In terms of price targets, the low is $0.20 per share with a high of $0.40 per share, representing the potential for significant declines.
However, it’s important to keep in mind that these analysts have been covering the stock for some time and have not updated their coverage recently. So, these negative opinions make sense as they don’t take into account the improved cash position at SNDL.
Risks to Consider Before Buying SNDL Stock
If you’re going to invest in Sundial Growers, or any other stock for that matter, you’re going to have to be willing to accept risk. The fact of the matter is that there’s no such thing as a risk free investment. When it comes to SNDL stock, the most significant risks to consider include:
- A Speculative Bet. An investment in Sundial Growers is a highly speculative bet. At the moment, much of the value given in the company’s market cap is the result of a belief that the United States will legalize cannabis for recreational use. While there’s a good chance that this will happen, there are no guarantees, and if it doesn’t, SNDL stock could experience significant declines.

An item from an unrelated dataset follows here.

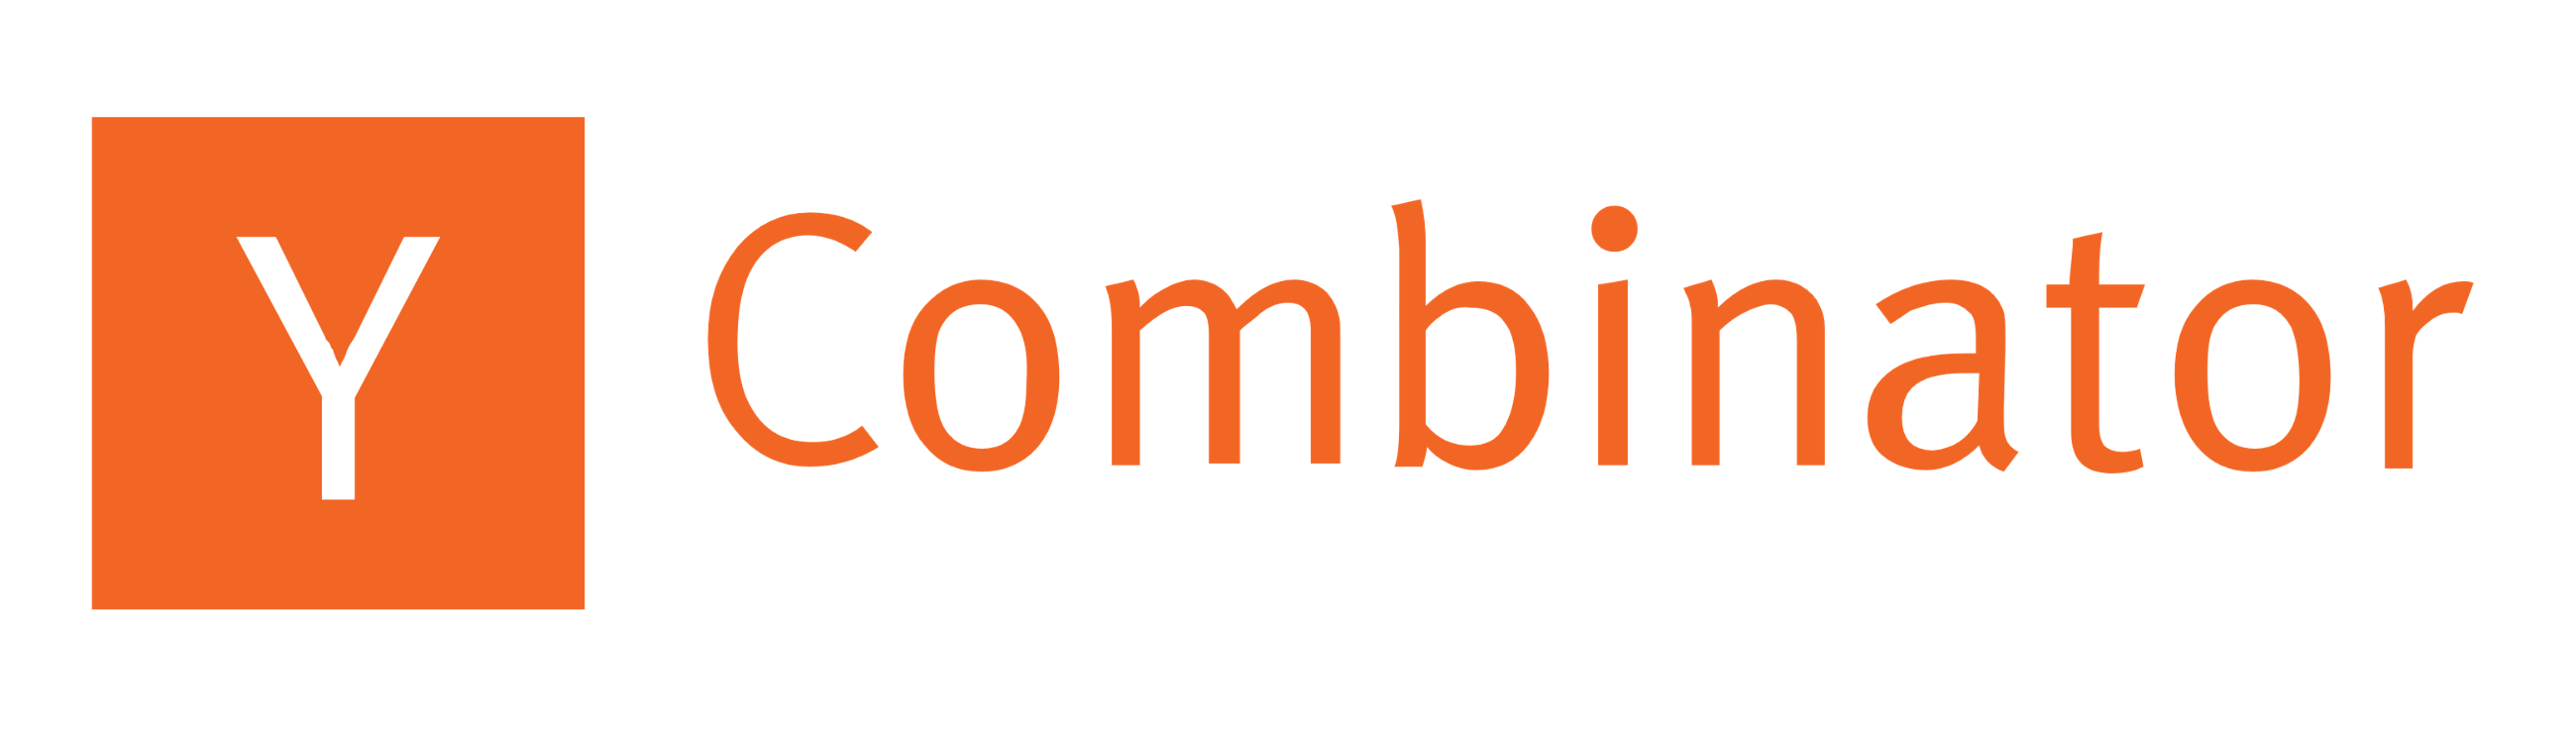 C y com. Combinator. Moreover ycombinator лого. Логотип й. Логотип Combinator PNG.

- Profitability. SNDL is not yet a profitable company. Should the company fail to reach profitability before its cash dries up, it may look to public markets as a way to raise funds, resulting in the dilution of existing shareholder value.
- An Arguably High Valuation. Many experts say the recent run in value has been the result of fear of missing out (FOMO), and that the valuation will come back to earth relatively soon. While this is yet to be seen, it is a possibility.
While there are risks to consider, those risks are starting to fade. After paying off debt and creating a compelling balance sheet, the management team at Sundial Growers has set itself in a solid position to take advantage of opportunities as regulatory changes take place around the world.
Moreover, with retail investor support behind the ticker, who knows just how high SNDL could go.